Утром девятнадцатого сентября 1909 года в Хамовники подали ландо, чтобы отвезти Толстых на вокзал. В нем устроились Лев Николаевич, жена, дочь и Чертков, отдельно ехали Сергей с женой, Маклаков и друзья семьи. Маковицкий в это время был за границей, и графиня настояла, чтобы мужа сопровождал доктор Беркенгейм. Небольшая группа собралась уже при выходе из дома, у ворот стоял старый военный, который снял фуражку и низко поклонился, вдоль улицы выстроились люди, и когда экипаж проезжал мимо, обнажали головы. У Толстого на глазах были слезы.
Когда подъехали к Курскому вокзалу, Софья Андреевна и Саша испуганно посмотрели друг на друга: тысячи людей ждали приезда Льва Николаевича – студенты, гимназисты, рабочие, женщины из народа и великосветские дамы, военные, гражданские. Продвигаться вперед было невозможно, часть толпы окружила коляску, остановив ее. Раздалось «ура», присутствующие снимали шляпы. Пришлось спуститься, Лев Николаевич предложил руку жене, которая прихрамывала. Чертков в белой панаме пытался проложить дорогу, ему помогали Маклаков и какой-то жандарм. Студенты образовали цепь, взявшись за руки. Бледный, с заострившимися чертами, шел Толстой сквозь эту живую цепь, молодые люди, не отрывая взгляда, смотрели на него, произносили его имя. Он чувствовал невероятную слабость от радости и страха – не закончится ли все это очередной Ходынкой? Когда писатель был уже у вокзала, толпа прорвала цепь, Лев Николаевич и его спутники двигались теперь согласно ее воле. Кто-то умолял присутствующих остановиться, подумать о нем, беспокойно оглядывалась по сторонам Софья Андреевна. Их буквально вынесло на перрон – люди были повсюду, на крышах вагонов, на столбах, из рук в руки передавали цветы, полиция не знала, что делать. Благодаря широкоплечему жандарму, один за одним, они просочились в вагон. Толстой еле шел, нижняя челюсть его слегка подрагивала, он собрал все свои силы, чтобы продержаться до конца.
Наконец, целые и невредимые, они оказались в вагоне, Лев Николаевич опустился на полку и закрыл глаза. Опасность миновала и жена, с сияющими глазами повторяла: «Как королей! Нас встречали, как королей!» Чертков вытирал лицо и обмахивался панамой. Снаружи слышны были крики «Ура!».
По совету Черткова Лев Николаевич подошел к окну. Шум усилился, но сквозь него можно было расслышать отдельные возгласы: «Тише, тише, господа… Лев Николаевич будет говорить…»
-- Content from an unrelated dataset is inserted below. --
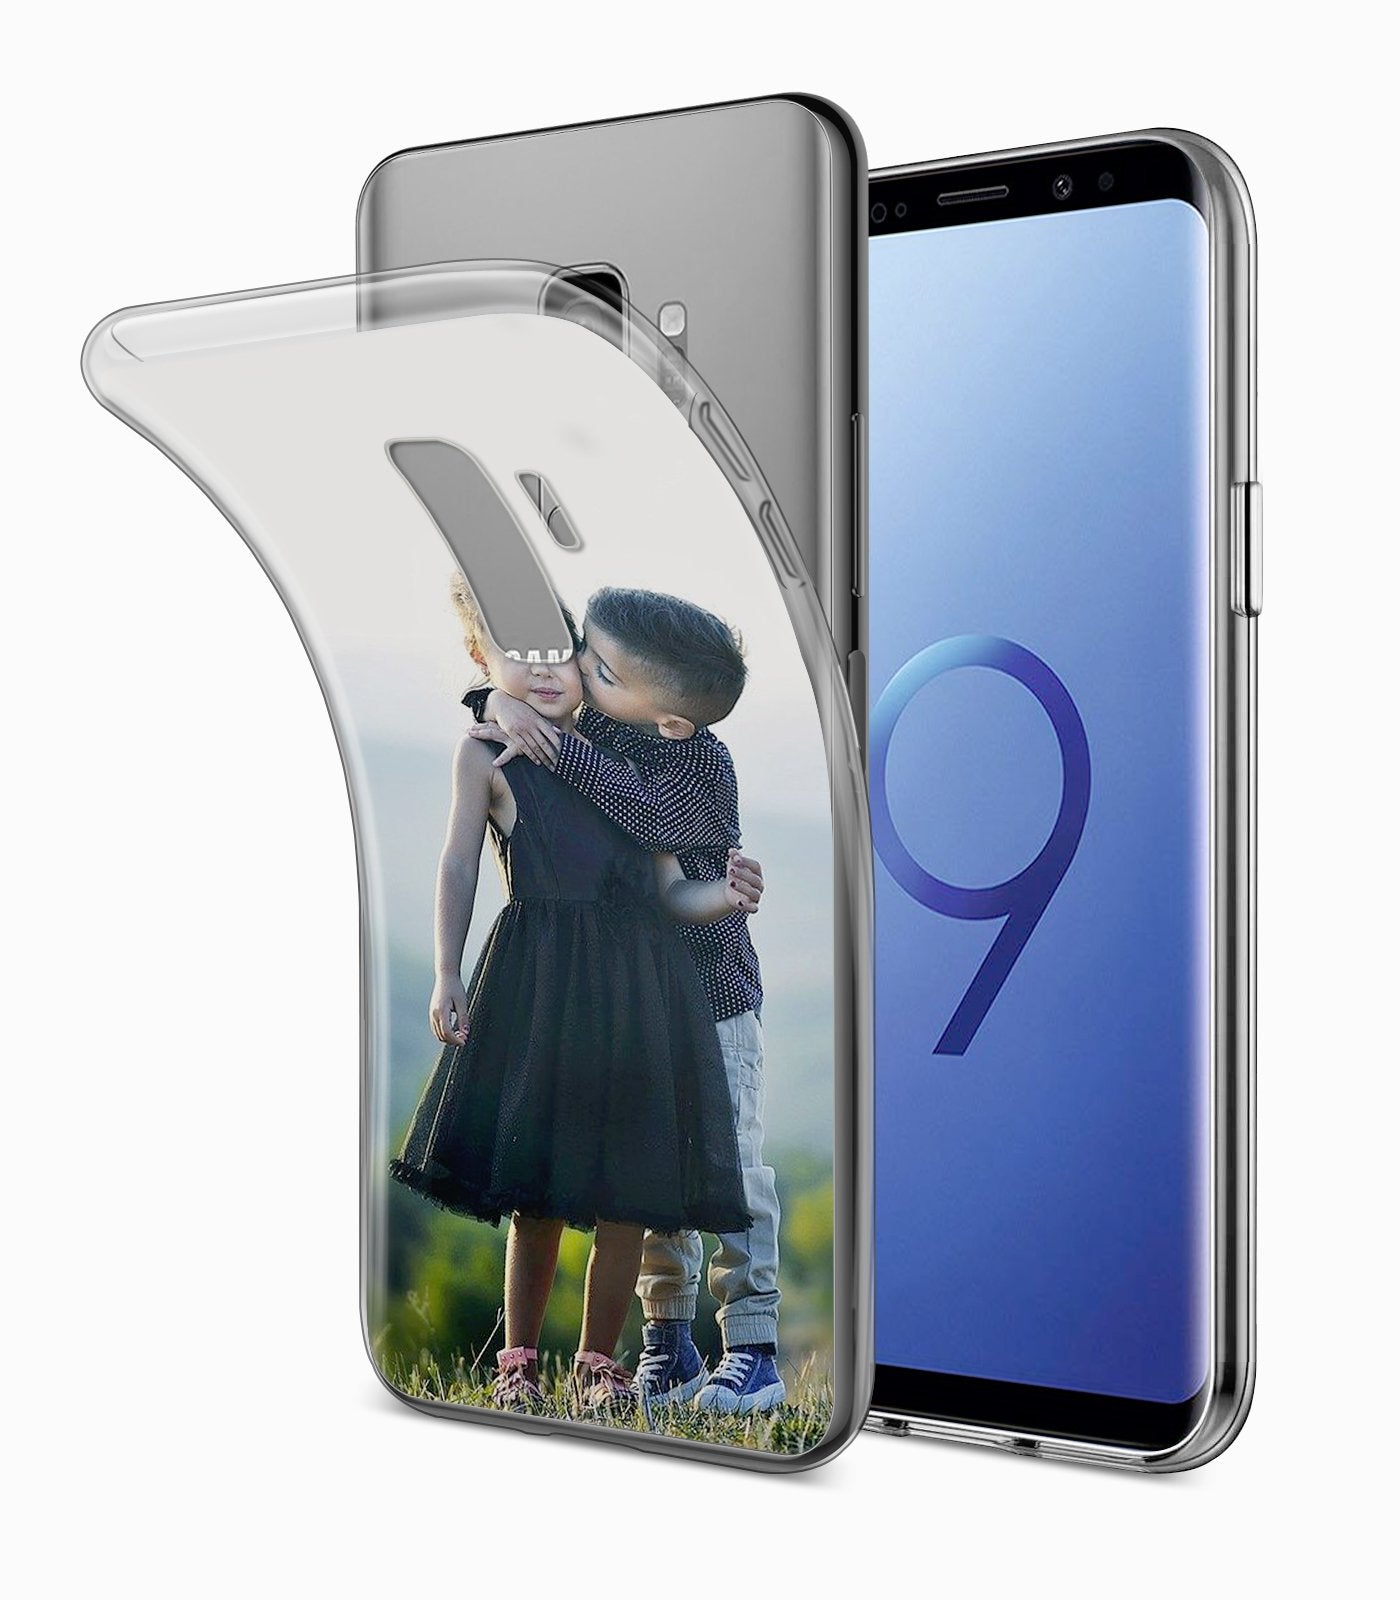 Samsung Galaxy S9 Plus Hülle personalisiert

«Спасибо, – твердо произносит Толстой. – Никак не ожидал такой радости, такого проявления сочувствия со стороны людей… Спасибо».
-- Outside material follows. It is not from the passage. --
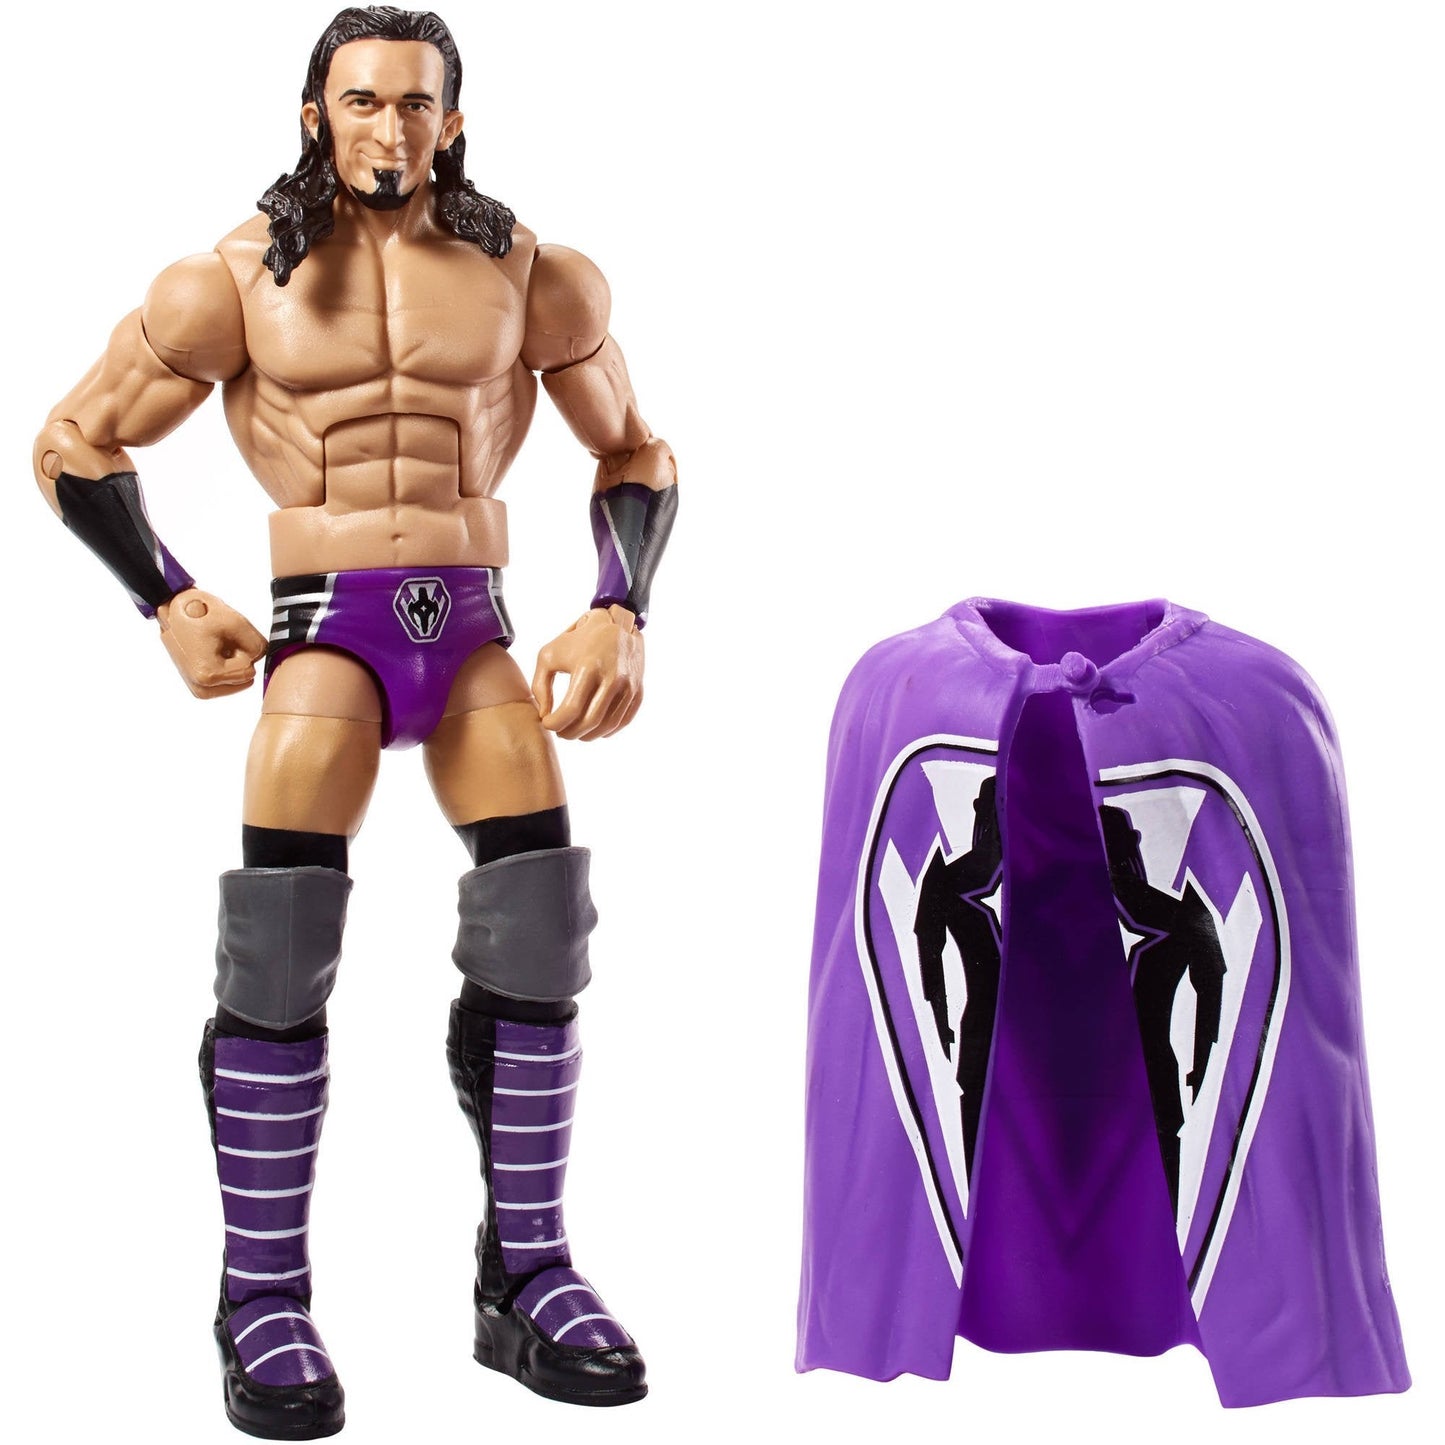 2016 WWE Mattel Elite Collection Series 42 Neville

«Спасибо вам, – отвечала толпа. – Ура! Слава нашему Льву Николаевичу!»
Фотографы снимали происходящее. Поезд тронулся. Стоя у окна, Толстой продолжать махать рукой отдалявшейся толпе, ее возбуждение становились все тише и растворялось в глухом стуке колес. Удовольствие, которое доставили ему эти проводы, удивило писателя – он был уверен, что давно лишен тщеславия. Сел, радостный и усталый. Ему срочно дали овсяной каши, чтобы восстановить силы.
В Серпухове Чертков распрощался с попутчиками: в связи с запретом жить в Тульской губернии дальше ехать он не мог. Поезд тронулся, Толстой прилег и вдруг потерял сознание. Пульс был настолько слабым, что врач забеспокоился. Когда прибыли в Ясенки, Лев Николаевич открыл глаза, попробовал заговорить, но пробормотал всего несколько слов – язык не слушался. Его подвели к коляске, ждавшей у вокзала. Во время пути все смотрел в пустоту, чертил что-то в воздухе руками и повторял: «Моисей… Пигмалион… Моисей, Моисей, религия…» Жена сидела рядом, укрывала его пледом, согревала руки, молилась и плакала. Он все еще бредил, когда наконец подъехали к крыльцу яснополянского дома. Врач потребовал немедленно принести бутылки с горячей водой, вино, банки, лед.